In una società dove l’aspetto diventa sempre più importante, si sta abbassando sempre di più l'età media in cui si manifestano i primi sintomi legati ai disturbi alimentari, primo campanello d’allarme.
La cultura predominante sembra spingerci in questa direzione, ma il corpo non è tutto e quando lo sguardo dell’altro diventa uno specchio deforme dobbiamo stare attenti all’impatto che le immagini di bellezza e perfezione possono avere sulla crescita individuale.

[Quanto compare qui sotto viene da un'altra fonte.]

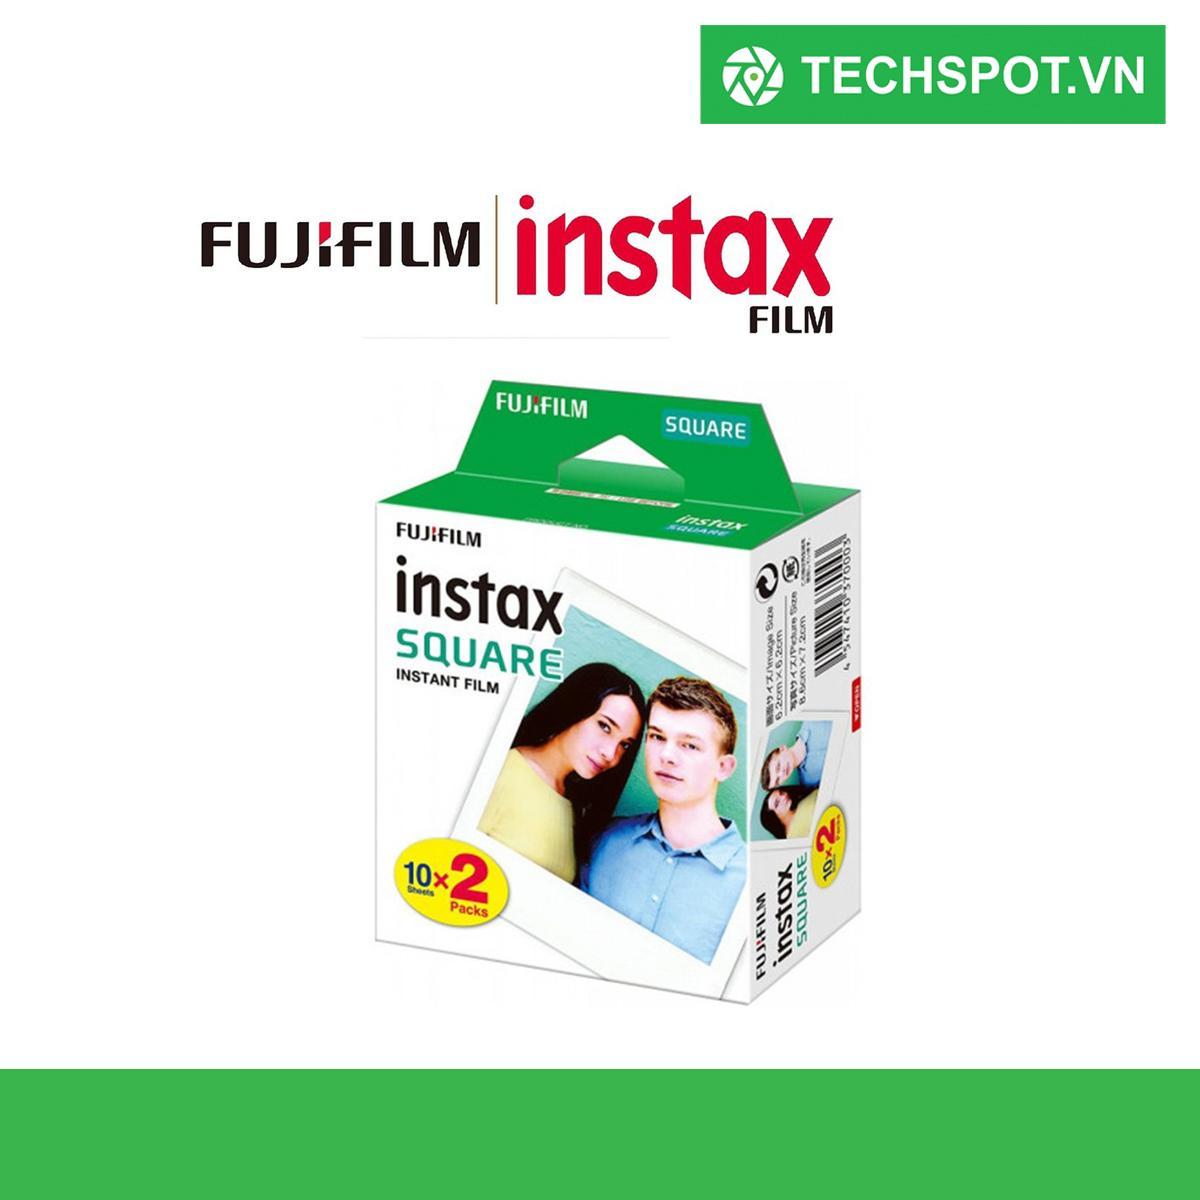 Giá 20 Tấm Fujifilm Instax SQUARE Bộ Cặp Phim Viền Trắng Giấy In Ảnh cho Instax SQ10 SQ6 Ngay Chia Sẻ SP-3 Máy In

Nell’era 4.0 sono le immagini a comunicare, più delle parole, il che lascia presupporre che si dia più rilevanza all’involucro che al suo contenuto e questo oltre ad essere impensabile è anche pericoloso.
Ecco qui qualche dato: ogni anno si registrano 8.500 nuovi casi di persone che si sono ammalate di un disturbo alimentare e ad ammalarsi sono soprattutto le donne, con un’incidenza del 95%. Secondo gli esperti inoltre, anoressia e bulimiahanno un esordio prevalentemente adolescenziale. Altri disturbi, come ad esempio il Binge-Eating (detto anche Bed – acronimo dell’inglese Binge Eating Disorder, Disturbo da alimentazione incontrollata) caratterizzato da abbuffate che ricorrono ciclicamente, possono avere una comparsa più tardiva.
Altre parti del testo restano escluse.